Hello people, thanks for the reactions!

I actually did not mean conservative in a strict political sense, and I am
a big fan of Reagle's book. It seems to me
that some people in the movement identify strongly with the (political)
term "progressive", and, depending on their personal
circumstances, that can be very understandable. The risk is that their
thinking about WP, WM and knowledge is very much
predetermined by these political views.

On the other hand, I see the risk that some other members of the movement
think that they - and the movement - are
automatically "modern" because they use wikis. With this attitude they may
not see much need for change.

Allow me some comments between the - very interesting - lines. See below

Kind regards
Ziko


Am Fr., 29. Mai 2020 um 09:43 Uhr schrieb Amir E. Aharoni <
amir.ahar...@mail.huji.ac.il>:

> Aspect1: Fact-checking, trust, and reliability
> In non-wiki encyclopedias the writers
> are selected by the publisher: the publisher trusts the writers, and the
> readers trust the publisher's brand.  [...] The Wikpiedia attitude
> to sources, known as "Verifiability" in the English Wikipedia, solidified
> around 2005. It makes a lot of sense for a wiki encyclopedia, and it is one
> of our cornerstones, at least in the larger languages. (The details of the
> policy in each language may be different, but the general idea is the same.
> If it's significantly different in your language, please tell me.)
>

Indeed, cornerstone is a great word here. We don't check the contributors
as persons,
therefore we have to externalize the truth-question. So what does a
co-contributor check when seeing
the edit of a contributor? Not whether the contributor has thematic or
scientific competences but only whether she
has "publishing" or wirting competences - meaning, whether she is capable
of selecting good literature, using it
and writing accordingly an unpersonal encyclopedic text.

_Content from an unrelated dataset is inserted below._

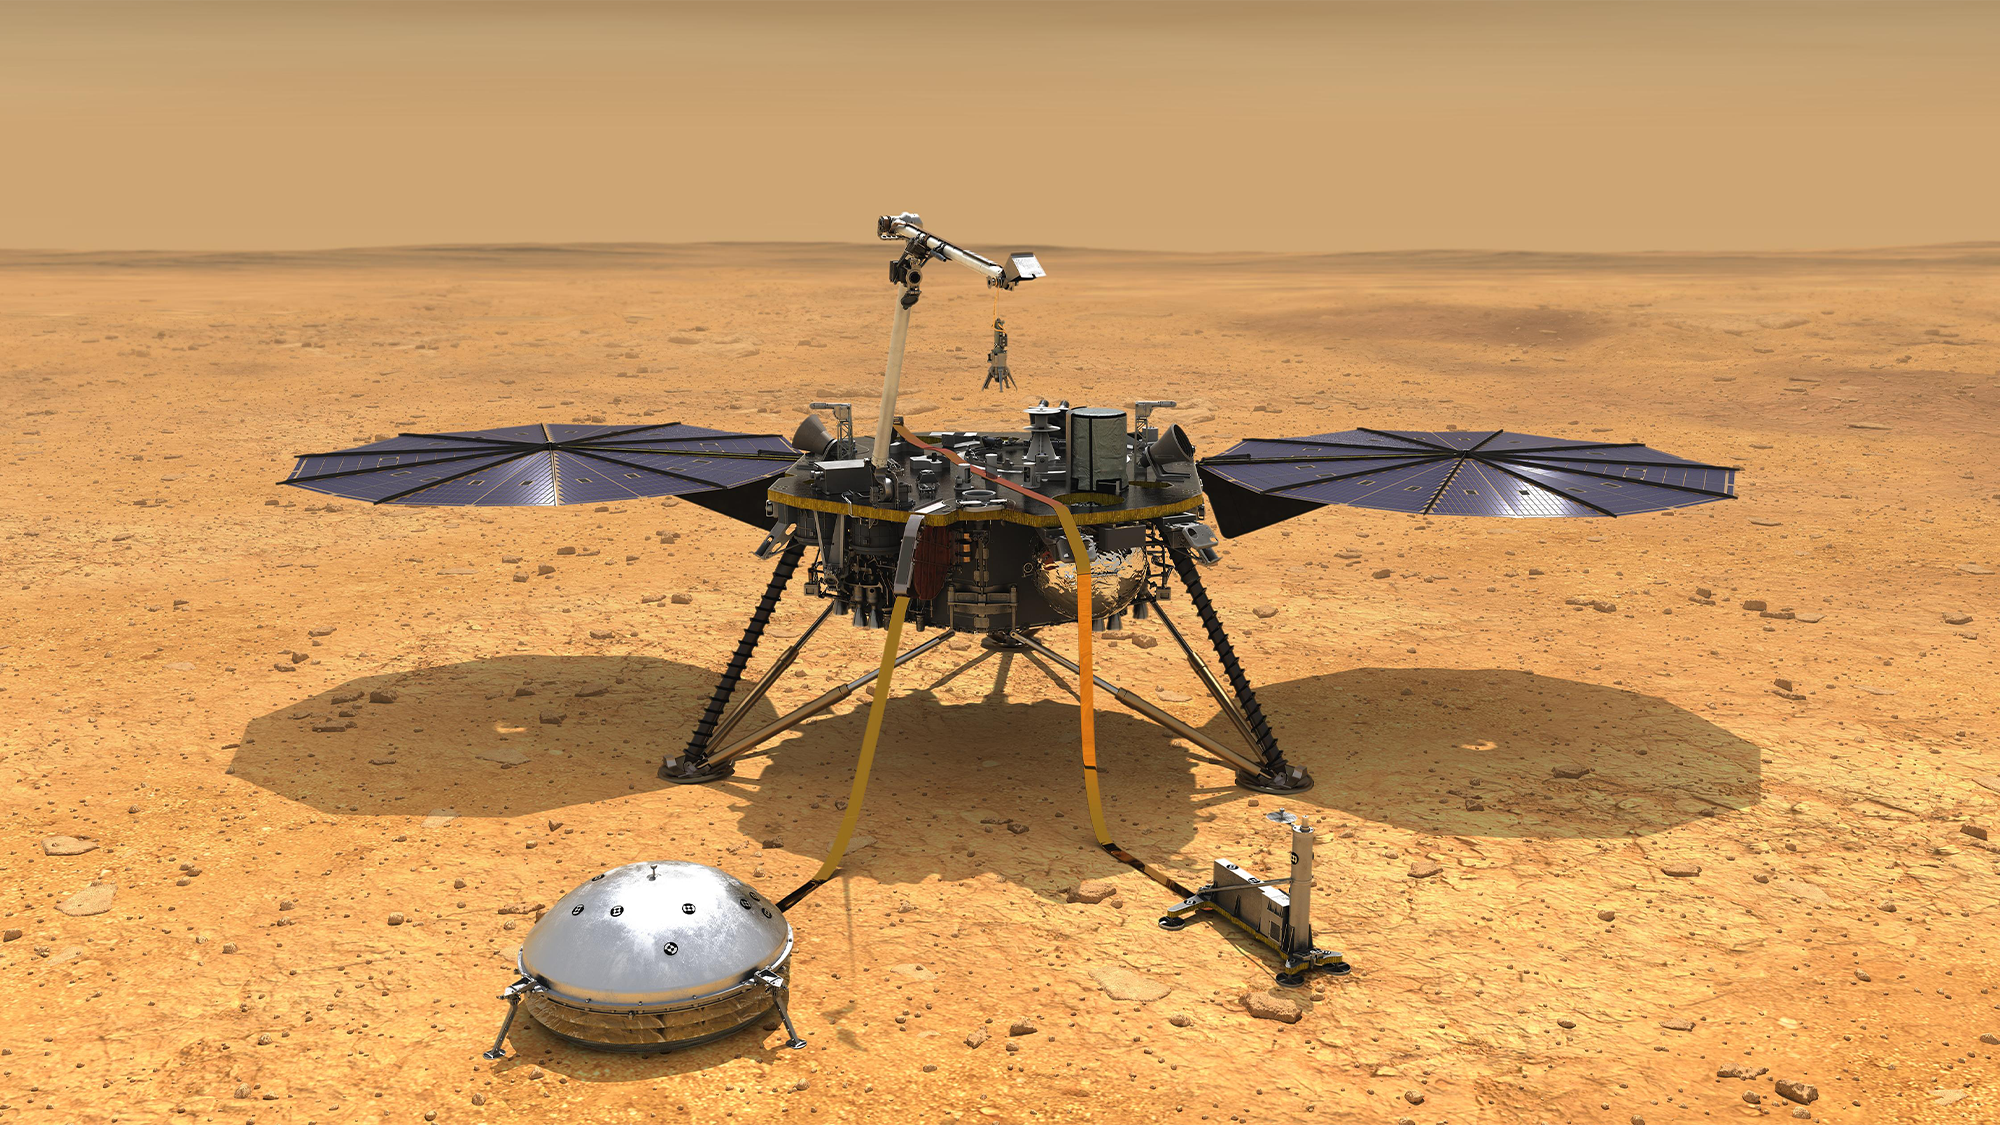 An illustration of NASA's InSight spacecraft with its instruments deployed on the Martian surface.

Within the wiki, it would be difficult to check whether she has scientific
competences. But it is possible to
check within the wiki whether she has writing competences, because we see
these writing competences in her previous
edits. So in Wikipedia, it works that we only care for the "wiki identity"
and "wiki status" of a contributor.

By the way, it would be an interesting research question: are there
Wikipedias that significantly differ from this cornerstone
(and other cornerstones)? In my own comparison between WP in EN, DE, NL, AF
and FY I did not find such a difference.


no access to academic publishing? Some people propose relaxing the demand
> for external reliable source for such topics, and while I'm totally on
> board with the social justice aspect of this attitude, it doesn't suggest a
> solution to the trust problem: some people will use it to enrich Wikipedia
> with information that can't be found elsewhere, but some people may abuse
> it to add made up stuff.
>

Yes, indeed. My thought was: if we allow sources of probably lesser
quality, e.g.
"grey literature" for marginalized people as an article topic, what would
that mean? That we
find it okay that a Wikipedia article about a woman is less reliable than
an article about a man?



> I have a proposed solution for this problem, and although some people would
> disagree, I call it conservative: Keep the demand for verifiability, and
> help people who have been historically disadvantaged get access to trusted
> academic institutions and conduct and publish their research outside of
> Wikipedia first.
>

Interesting. Some might ask whether this is a task of the Wikimedia
movement. (It all would depend on suitable partners and what the
role of the movement would be.)

If we see there a tunnel like this: reality - primary sources - secondary
sources - tertiary sources, then the
solution would not be at the final stage (tertiary source = Wikipedia and
its rules), but earlier, at the stage secondary sources
where there is a social filter.



> Aspect 2: Technology
> reasonably modern design principles and implementations. We are outdated in
> some ways: [...] We shouldn't be *too* progressive, though [...]
>
Talk pages are a particularly curious kind of disaster. Many Wikipedians
> tend to be very conservative about them and don't want any technology
> changes in them, but talk pages are not a continuation of any previous
> tradition of encyclopedic writing or of Internet culture—they are
> Wikipedia's own invention.


Good point, Amir. This is a dimension I have not looked at very thoroughly
in my research.
It blends in with the general question how software is interconnected to
content and to
the behaviour of the contributors. Maybe the current state of the software
used has for
some Wikipedians the function of a cultural marker or element of
self-identity.


> Aspect 3: Presentation style

[...]

> Like the bold font, it is also a typographic tradition. It
> has gotten out of hand in Wikipedia thanks to otherwise good things like
> the diversity of writers and the availability of fonts for various
> languages. Should we just kill it? Probably not, because this tradition is
> also mostly good, but we should move the excessively long stuff from
> parentheses to footnotes or infoboxes.
>

Good observations - I remember indeed that there were some statements in the
"strategy recommendations" that were a good starting point for discussion,
but no
conclusion on which we can build a strategy. Like the statement that "young
people
don't read anymore". Written text has always have and will always have
certain advantages
(and disadvantages) in comparison to non-text.